The tracking approach has seen frequent use in hybrid solution algorithms, which seek to retain the advantages of forward dynamics and dynamic optimization while achieving the computational efficiency of static optimization. Two examples are computed muscle control (Thelen et al. 2003) and direct collocation (Kaplan and Heegaard 2001). Computed muscle control works by solving a static optimization problem at each time step within a single forward dynamics movement simulation. By using feedback on the kinematics and muscle activations at each time step of the numerical integration, computed muscle control can generate a forward dynamics simulation that optimally tracks a set of experimental data without solving a dynamic optimization problem that would require thousands of forward dynamics simulations. In contrast, direct collocation works by converting the differential equations of motion into a set of algebraic constraint equations and treating both the control variables (muscle stimulations) and state variables (positions and velocities) as unknowns in the optimization problem. Although they differ considerably in implementation, both techniques appear to be able to produce results that are similar to dynamic optimization tracking solutions, with a computational cost closer to that of static optimization.

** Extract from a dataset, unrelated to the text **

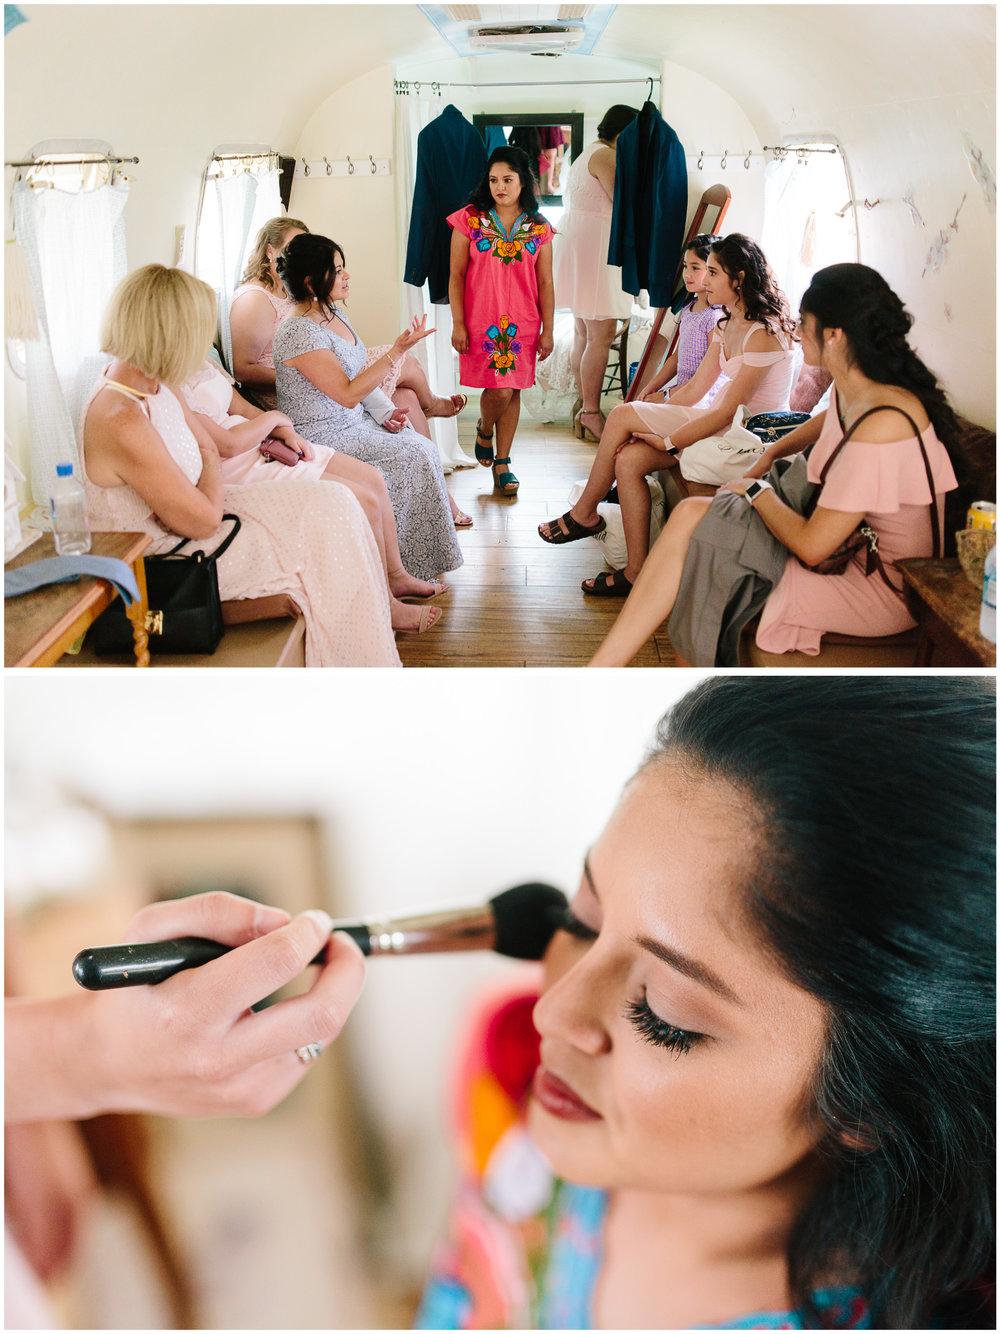 lyons_farmette_wedding_4.jpg

Although static and dynamic optimization have both become popular means for controlling musculoskeletal models, several issues concerning their use must be addressed. Do humans actually produce movements based on one given performance criterion, or does the performance objective change during the movement? If the optimized model results differ from those of a human performer, is it because the model is too simple or not constrained properly, or is the human not performing optimally? Finally, EMG data have illustrated various degrees of simultaneous antagonistic cocontraction during some movement sequences. Optimization models tend not to yield solutions predicting muscle antagonism around a joint, although some antagonism is predicted when models contain muscles that contribute to more than one joint moment. However, optimization models that seek to minimize or maximize specific cost functions will not predict antagonistic cocontraction associated with joint stability or stiffness. In the case of walking, for example, there is no single cost function that could simultaneously predict the relatively minimal muscle coactivation in healthy subjects and the substantial antagonism exhibited by patients with cerebral palsy. Despite these drawbacks, optimization models have increased the understanding of human biomechanics and will continue to do so in the future.